— Description of the task —
Here are some records. Copy each one exactly.

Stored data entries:
++++++++++
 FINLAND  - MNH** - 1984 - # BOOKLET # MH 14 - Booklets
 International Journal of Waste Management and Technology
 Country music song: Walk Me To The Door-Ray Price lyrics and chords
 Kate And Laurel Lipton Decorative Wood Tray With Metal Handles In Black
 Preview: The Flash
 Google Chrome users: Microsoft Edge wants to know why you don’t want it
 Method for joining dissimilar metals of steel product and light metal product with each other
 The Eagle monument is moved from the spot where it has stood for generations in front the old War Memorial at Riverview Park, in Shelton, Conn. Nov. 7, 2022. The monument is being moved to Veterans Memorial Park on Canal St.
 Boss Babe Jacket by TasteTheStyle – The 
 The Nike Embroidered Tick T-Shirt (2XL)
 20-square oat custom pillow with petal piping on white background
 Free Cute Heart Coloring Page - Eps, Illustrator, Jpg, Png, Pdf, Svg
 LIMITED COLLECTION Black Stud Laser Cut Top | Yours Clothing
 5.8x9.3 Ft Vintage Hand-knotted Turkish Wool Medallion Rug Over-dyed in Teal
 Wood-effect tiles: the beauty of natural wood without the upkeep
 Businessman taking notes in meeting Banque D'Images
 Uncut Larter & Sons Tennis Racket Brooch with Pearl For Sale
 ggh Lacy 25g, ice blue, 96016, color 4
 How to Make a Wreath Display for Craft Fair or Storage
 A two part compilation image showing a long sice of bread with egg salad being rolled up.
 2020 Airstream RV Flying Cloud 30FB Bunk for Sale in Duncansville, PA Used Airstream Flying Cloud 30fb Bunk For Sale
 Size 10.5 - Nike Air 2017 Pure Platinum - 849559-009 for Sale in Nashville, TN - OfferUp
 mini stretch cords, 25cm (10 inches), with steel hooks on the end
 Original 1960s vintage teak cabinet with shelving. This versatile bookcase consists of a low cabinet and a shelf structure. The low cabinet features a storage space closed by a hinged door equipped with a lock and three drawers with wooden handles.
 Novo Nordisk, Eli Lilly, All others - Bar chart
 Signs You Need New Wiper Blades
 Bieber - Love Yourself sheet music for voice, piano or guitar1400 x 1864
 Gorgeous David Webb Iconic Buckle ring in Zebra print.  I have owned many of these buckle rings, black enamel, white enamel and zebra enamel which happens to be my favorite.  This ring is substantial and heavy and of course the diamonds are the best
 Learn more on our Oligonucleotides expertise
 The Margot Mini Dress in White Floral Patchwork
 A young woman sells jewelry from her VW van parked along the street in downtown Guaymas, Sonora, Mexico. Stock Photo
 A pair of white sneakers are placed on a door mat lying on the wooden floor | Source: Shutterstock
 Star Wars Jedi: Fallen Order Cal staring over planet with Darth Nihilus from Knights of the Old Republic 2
++++++++++
— Exercise solution —
 FINLAND  - MNH** - 1984 - # BOOKLET # MH 14 - Booklets
 International Journal of Waste Management and Technology
 Country music song: Walk Me To The Door-Ray Price lyrics and chords
 Kate And Laurel Lipton Decorative Wood Tray With Metal Handles In Black
 Preview: The Flash
 Google Chrome users: Microsoft Edge wants to know why you don’t want it
 Method for joining dissimilar metals of steel product and light metal product with each other
 The Eagle monument is moved from the spot where it has stood for generations in front the old War Memorial at Riverview Park, in Shelton, Conn. Nov. 7, 2022. The monument is being moved to Veterans Memorial Park on Canal St.
 Boss Babe Jacket by TasteTheStyle – The 
 The Nike Embroidered Tick T-Shirt (2XL)
 20-square oat custom pillow with petal piping on white background
 Free Cute Heart Coloring Page - Eps, Illustrator, Jpg, Png, Pdf, Svg
 LIMITED COLLECTION Black Stud Laser Cut Top | Yours Clothing
 5.8x9.3 Ft Vintage Hand-knotted Turkish Wool Medallion Rug Over-dyed in Teal
 Wood-effect tiles: the beauty of natural wood without the upkeep
 Businessman taking notes in meeting Banque D'Images
 Uncut Larter & Sons Tennis Racket Brooch with Pearl For Sale
 ggh Lacy 25g, ice blue, 96016, color 4
 How to Make a Wreath Display for Craft Fair or Storage
 A two part compilation image showing a long sice of bread with egg salad being rolled up.
 2020 Airstream RV Flying Cloud 30FB Bunk for Sale in Duncansville, PA Used Airstream Flying Cloud 30fb Bunk For Sale
 Size 10.5 - Nike Air 2017 Pure Platinum - 849559-009 for Sale in Nashville, TN - OfferUp
 mini stretch cords, 25cm (10 inches), with steel hooks on the end
 Original 1960s vintage teak cabinet with shelving. This versatile bookcase consists of a low cabinet and a shelf structure. The low cabinet features a storage space closed by a hinged door equipped with a lock and three drawers with wooden handles.
 Novo Nordisk, Eli Lilly, All others - Bar chart
 Signs You Need New Wiper Blades
 Bieber - Love Yourself sheet music for voice, piano or guitar1400 x 1864
 Gorgeous David Webb Iconic Buckle ring in Zebra print.  I have owned many of these buckle rings, black enamel, white enamel and zebra enamel which happens to be my favorite.  This ring is substantial and heavy and of course the diamonds are the best
 Learn more on our Oligonucleotides expertise
 The Margot Mini Dress in White Floral Patchwork
 A young woman sells jewelry from her VW van parked along the street in downtown Guaymas, Sonora, Mexico. Stock Photo
 A pair of white sneakers are placed on a door mat lying on the wooden floor | Source: Shutterstock
 Star Wars Jedi: Fallen Order Cal staring over planet with Darth Nihilus from Knights of the Old Republic 2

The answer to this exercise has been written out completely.